### INPUT RECORDS

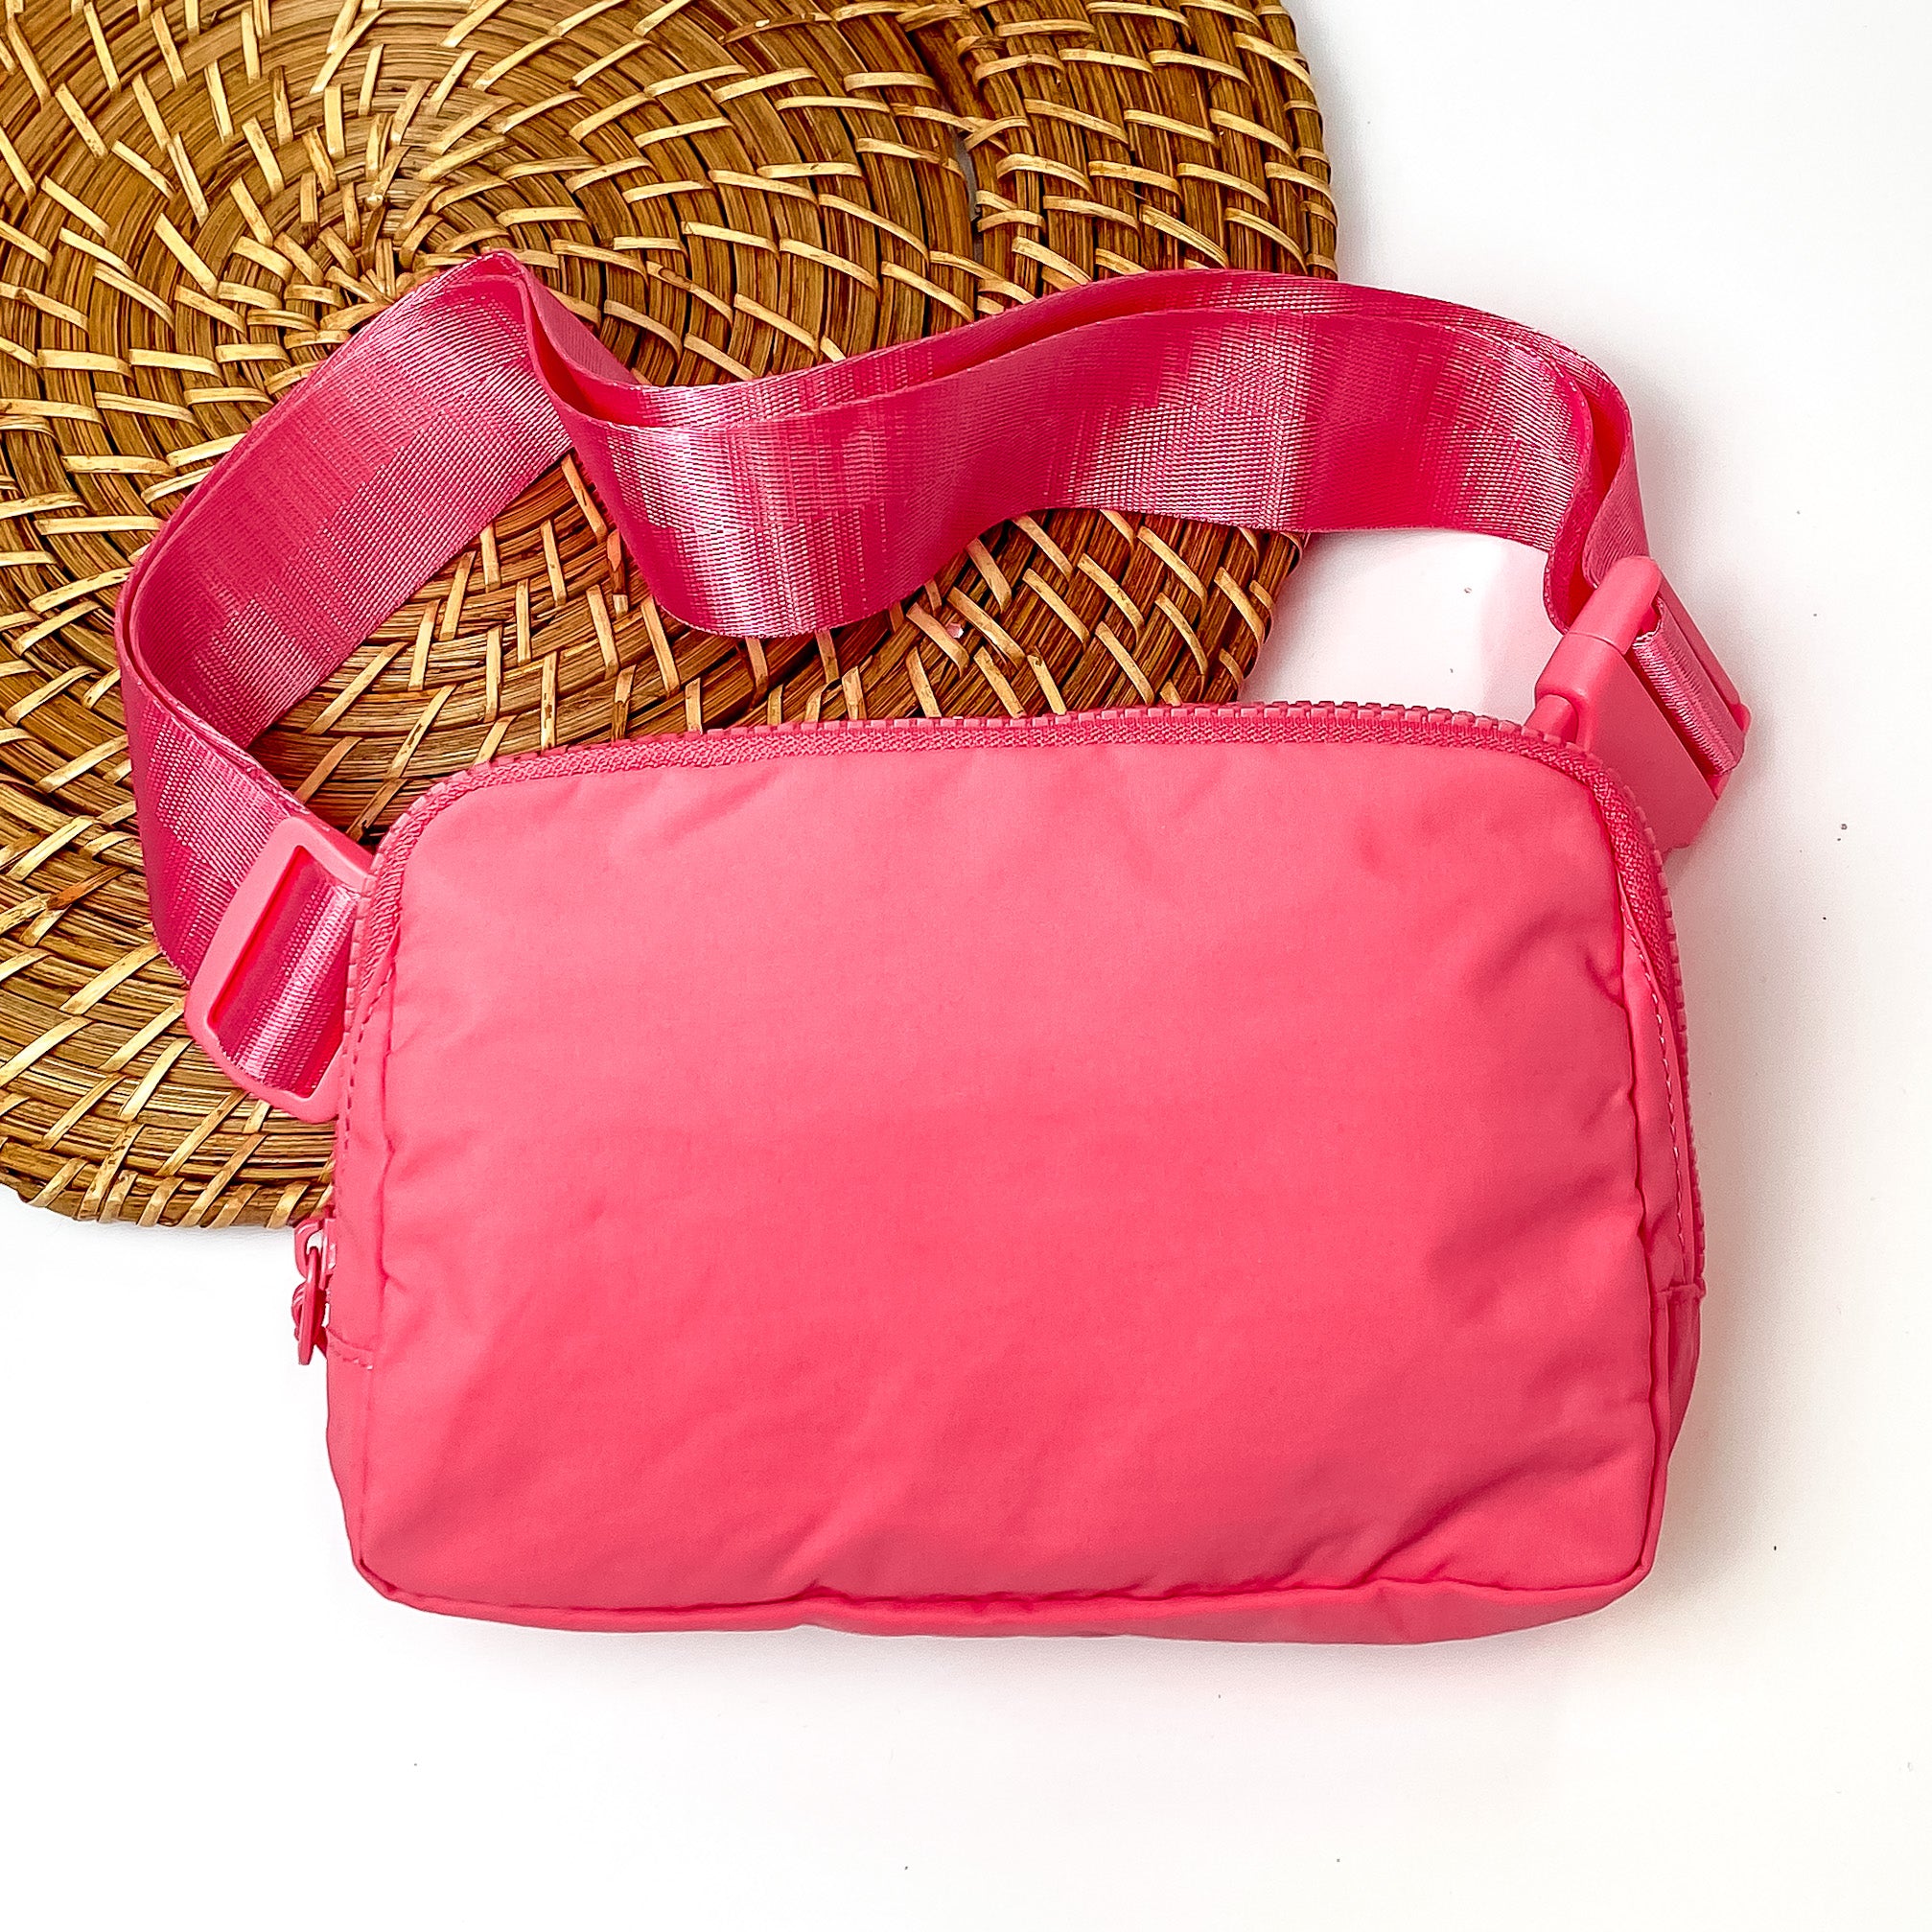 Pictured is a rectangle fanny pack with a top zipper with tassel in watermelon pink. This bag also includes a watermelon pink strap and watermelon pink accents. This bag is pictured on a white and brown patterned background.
* * *
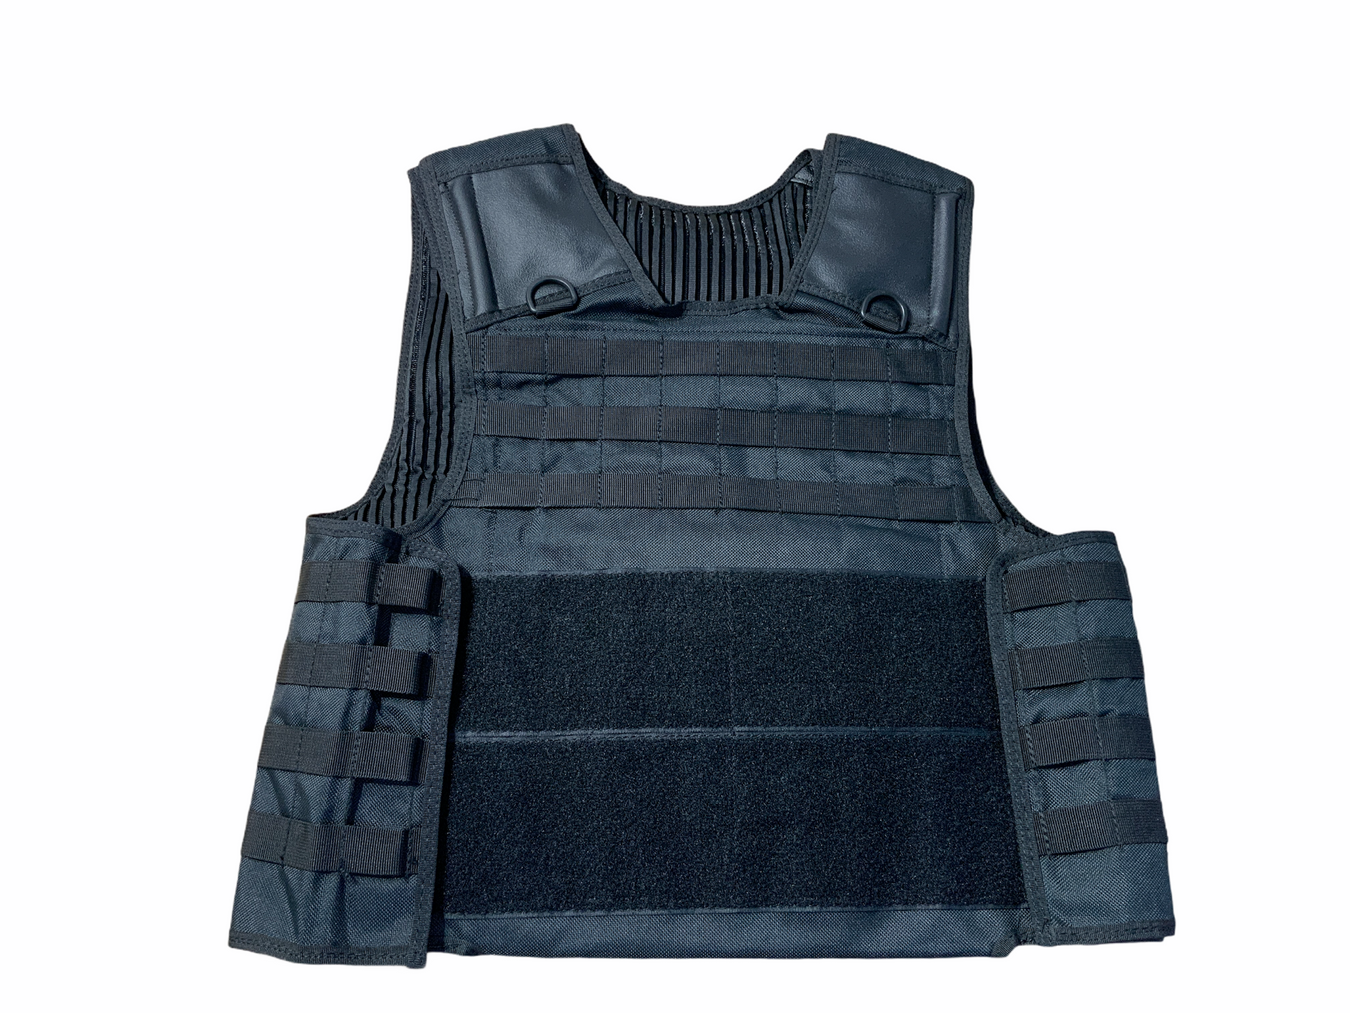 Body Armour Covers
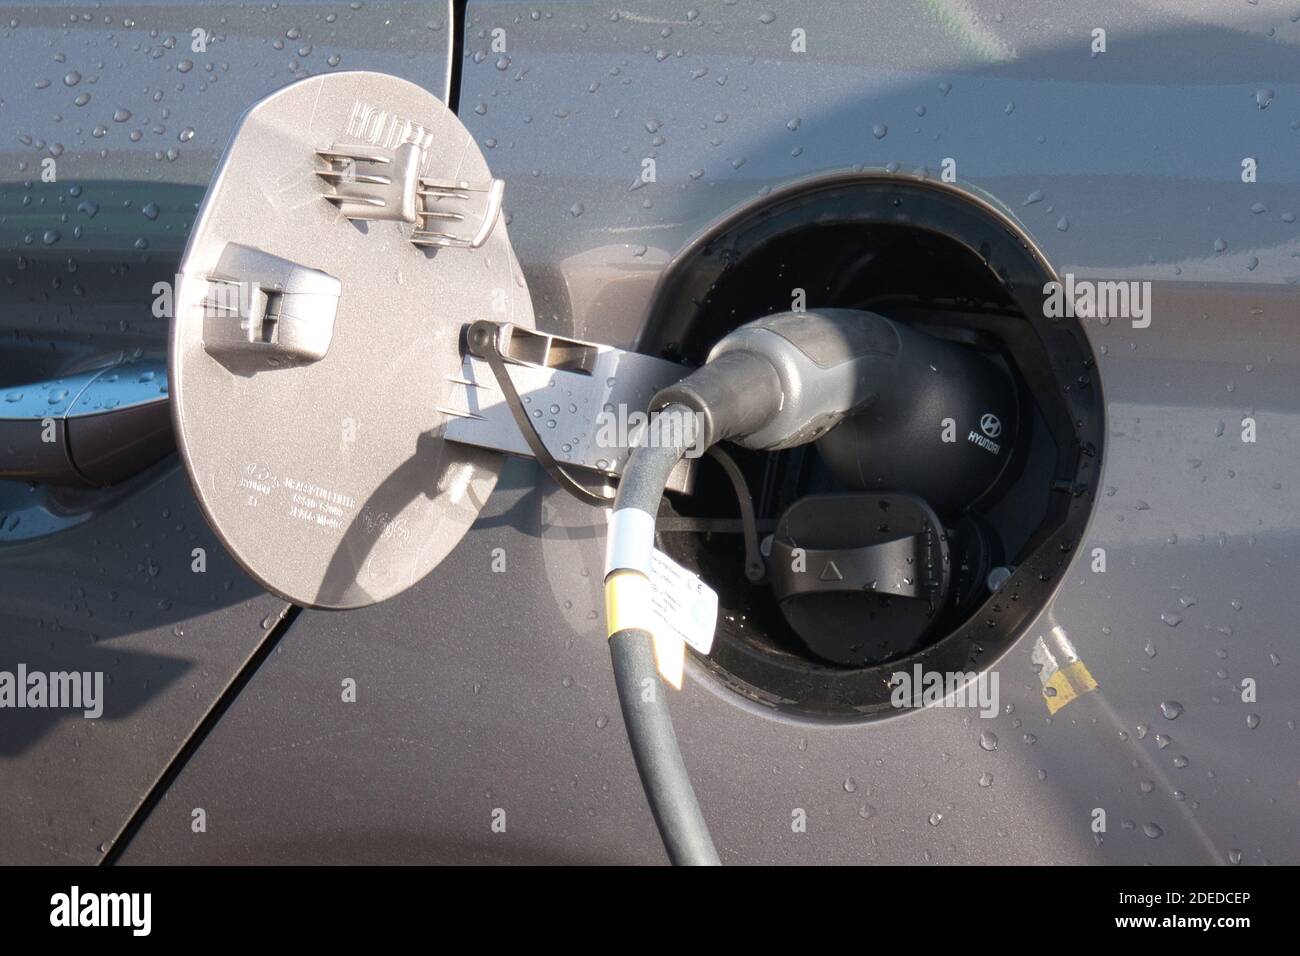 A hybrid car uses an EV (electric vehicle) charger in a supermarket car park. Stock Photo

### REQUIRED ACTION
From the listing above, restate verbatim the lines running from the one with "Body Armour Covers" through the one with "A hybrid car", inclusive, but not the pictures.

### RESPONSE BOX
 Body Armour Covers
 A hybrid car uses an EV (electric vehicle) charger in a supermarket car park. Stock Photo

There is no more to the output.